Año mariano bajo el signo de la esperanza
Queridos diocesanos:
Al recaer este año en Domingo la fecha de la coronación pontificia de la imagen de la Mare de Déu del Lledó, el día 4 de mayo, estamos celebrando el III Año Mariano de Lledó. Para caminar en comunión con la Iglesia Universal, el año mariano coincide en el tiempo y en el objetivo con el Jubileo ordinario 2025, ‘peregrinos de la esperanza’. Deseamos que ambos sean para todos una ocasión propicia para reavivar la esperanza.
Como en anteriores años marianos hemos trasladado la imagen de la Virgen a la Con-catedral de Santa María el día uno de mayo donde permanecerá hasta este domingo, cuatro de mayo, día de la fiesta mayor. Su visita a la Ciudad, que nos recuerda la visitación de María a su prima Isabel, nos ofrece a todos la oportunidad de sentir su cercanía, ayuda y protección. Niños, jóvenes y adultos, enfermos y ancianos no impedidos podemos visitarla, para mostrarle nuestro cariño y contarle nuestras alegrías y nuestras penas, nuestros desconsuelos y desalientos.

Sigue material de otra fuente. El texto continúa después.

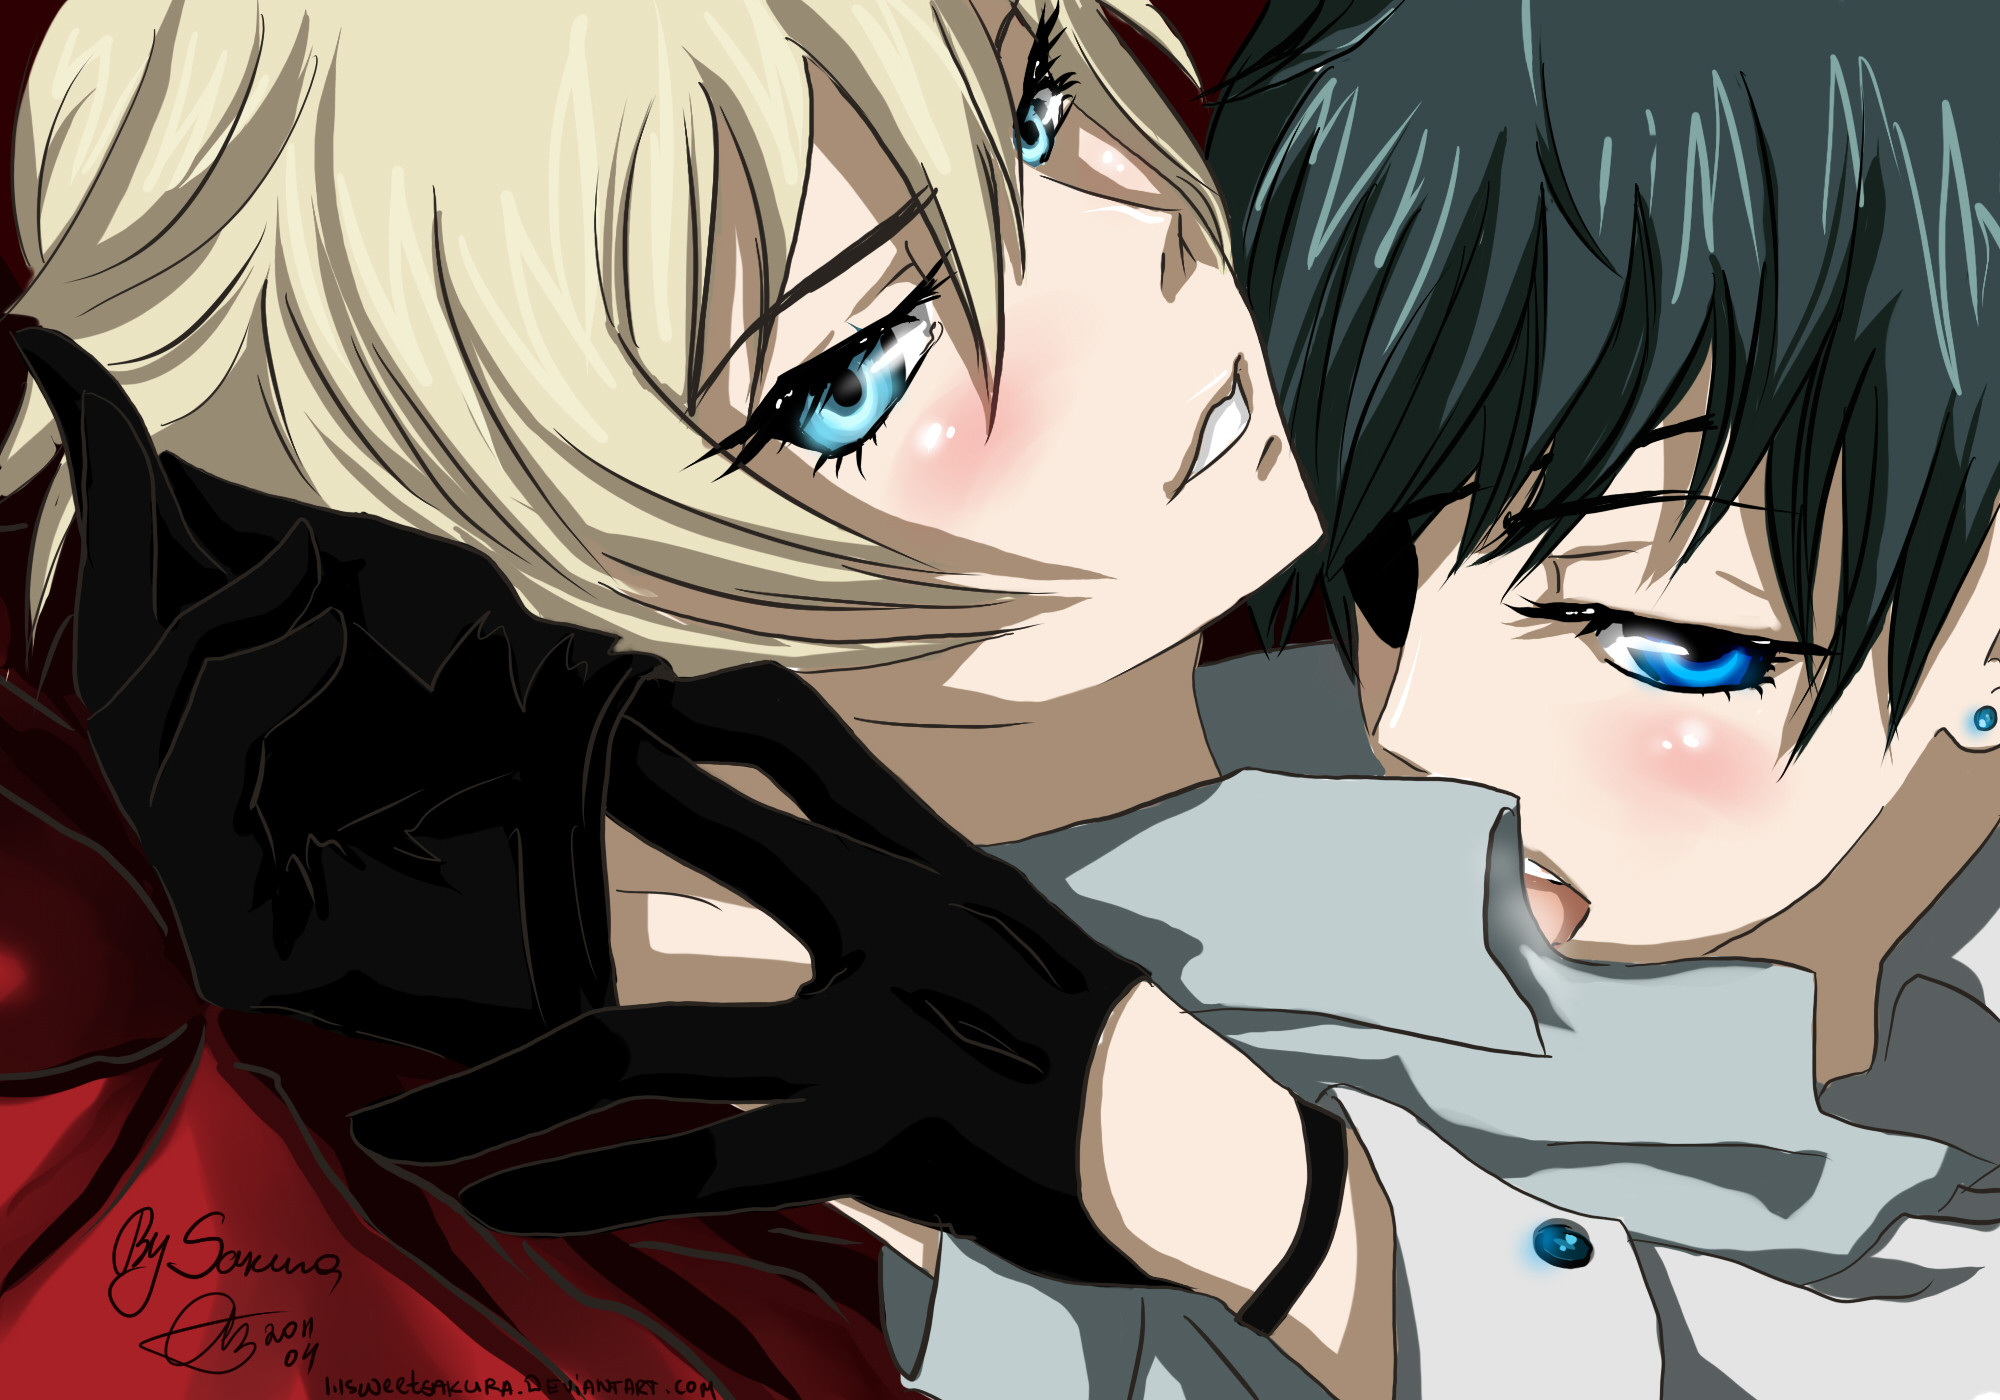 I ship Alois and Ciel harder than i ship Levi and Eren xD.

En la sociedad actual ha anidado el desencanto; el hombre de hoy está de vuelta de grandes ilusiones y tiene miedo al futuro, siempre incierto y, con frecuencia, amenazador. En nuestro mundo hay signos claros de falta de esperanza. Por miedo a la muerte hay crisis de confianza en el futuro; se recure al esoterismo para querer predecir el futuro. Como ha dejado escrito el Papa Francisco, necesitamos abrirnos más a la esperanza ofrecida por el evangelio que es el antídoto para el espíritu de desesperanza que crece en la sociedad. La esperanza es la virtud que nos mantiene firmes, mientras navegamos las aguas turbulentas de un mundo en el que cada vez aparecen más peligros como la atracción del materialismo que asfixia los auténticos valores espirituales y culturales, y el espíritu de competencia desenfrenado que genera egoísmos, hambrunas, desplazamientos, conflictos y guerras. Tampoco nosotros en la Iglesia estamos ajenos a estos riesgos y tentaciones.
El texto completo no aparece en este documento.